Drie jaar geleden kwam hij niet, op aanraden van zijn dokter. Twee jaar geleden mocht hij niet, op aanraden van zowat alle dokters. Een jaar geleden: weer van dat. Sting liet Gent Jazz dus bijna vier jaar op hem wachten. Maar vandaag mocht het niet misgaan: geen Roxanne die het licht op rood houdt, geen huiszoeking van The Police, geen wandeling op de maan die dubbel geboekt stond in de agenda. Alleen Sting en Gent, Gent en Sting. 

“Hij is hier!” Het is tien uur ‘s avonds en de persverantwoordelijke van Gent Jazz zegt het met een eerbied die alle theologische discussies voor minstens twee uur oplost: God is een ranke Brit met een ranke basgitaar en hij heeft zijn voeten op Gentse bodem gezet. Straks stapt hij op het podium om te doen waar zijn volgelingen al meer dan drie jaar op wachten. Het Facebook-evenement zegt eigenlijk genoeg: geen lijstje van uitgelichte namen zoals altijd, wel het geen woord verspillende ‘Sting & More’. 

& More  heeft geen veertig jaar aan hits en verkoopt geen golden circle uit, maar dat betekent niet dat er niet meer te beleven was op Gent Jazz. Emmy d’Arc de spits zien afbijten was bijvoorbeeld geen straf. De jonge Limburgse leek wel zelf gestraft: een uur voor een nog niet halfvolle tent is maar zelden een cadeau  voor een muzikant zonder groep. Dan maar op enthousiasme, dacht d’Arc, en ze gooide zich stampvoetend op haar eigen muziek, die tegen de erfenis van Sheryl Crow en Alanis Morrissette aanschurkt. Rock met branie en een vleugje country, het is als regen op je trouwdag in juli: onverwacht, maar het kan verfrissend zijn. 

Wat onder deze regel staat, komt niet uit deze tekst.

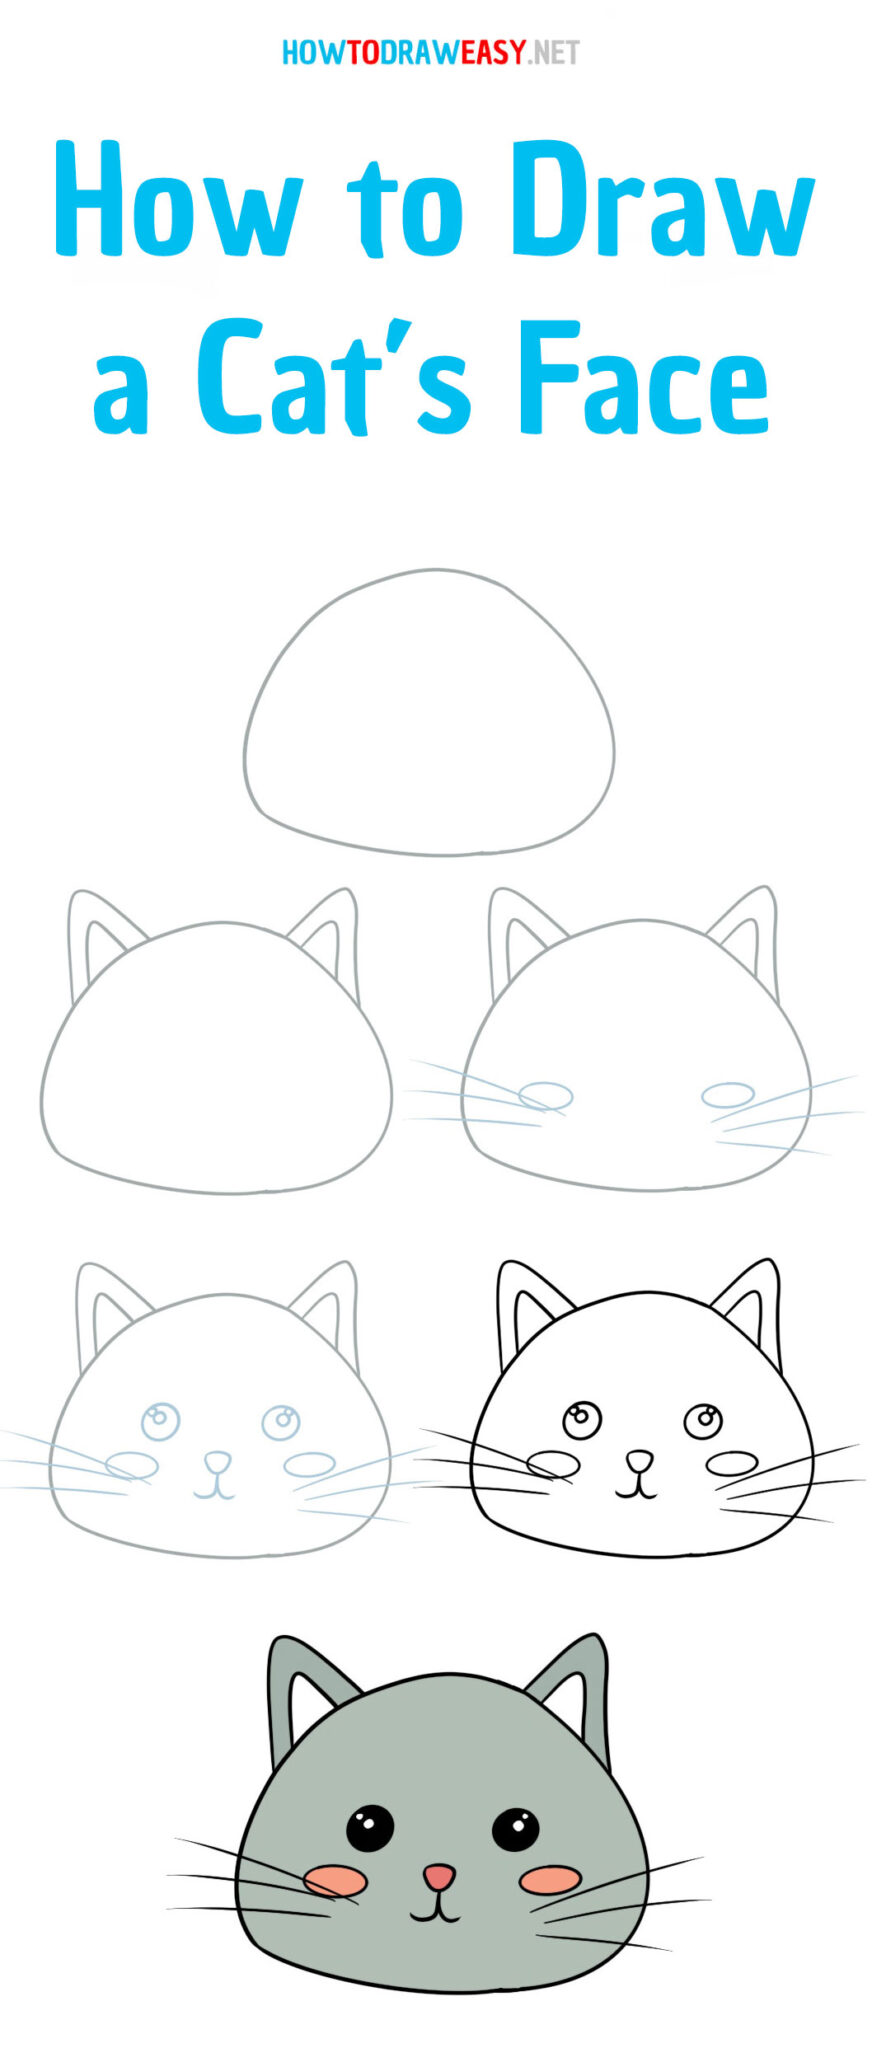 How to Draw a Cat's Face - How to Draw Easy

“Ik wil jullie horen. Jullie niet enkel mij, dat is niet eerlijk", zei d’Arc halverwege de set toen ze ‘Nah Neh Nah’ van Vaya Con Dios inzette. Keurige cover, niet wereldschokkend. Dan waren we meer onder de indruk van wat ze aanving met Janis Joplins ‘Mercedes Benz’ en ‘Troy’ van Sinéad O’Connor. Liedje te veel geleend? Dat mag je uiteraard vinden, maar ik geloofde haar wel als ze die klassiekers zong. Ik wil nog geen grote conclusies trekken over Emmy d’Arc - tegenwoordig worden kleuters die hun pap een uur binnenhouden al een Grote Belofte genoemd - maar geef haar een jaar met een band en ik laat me graag weer verrassen.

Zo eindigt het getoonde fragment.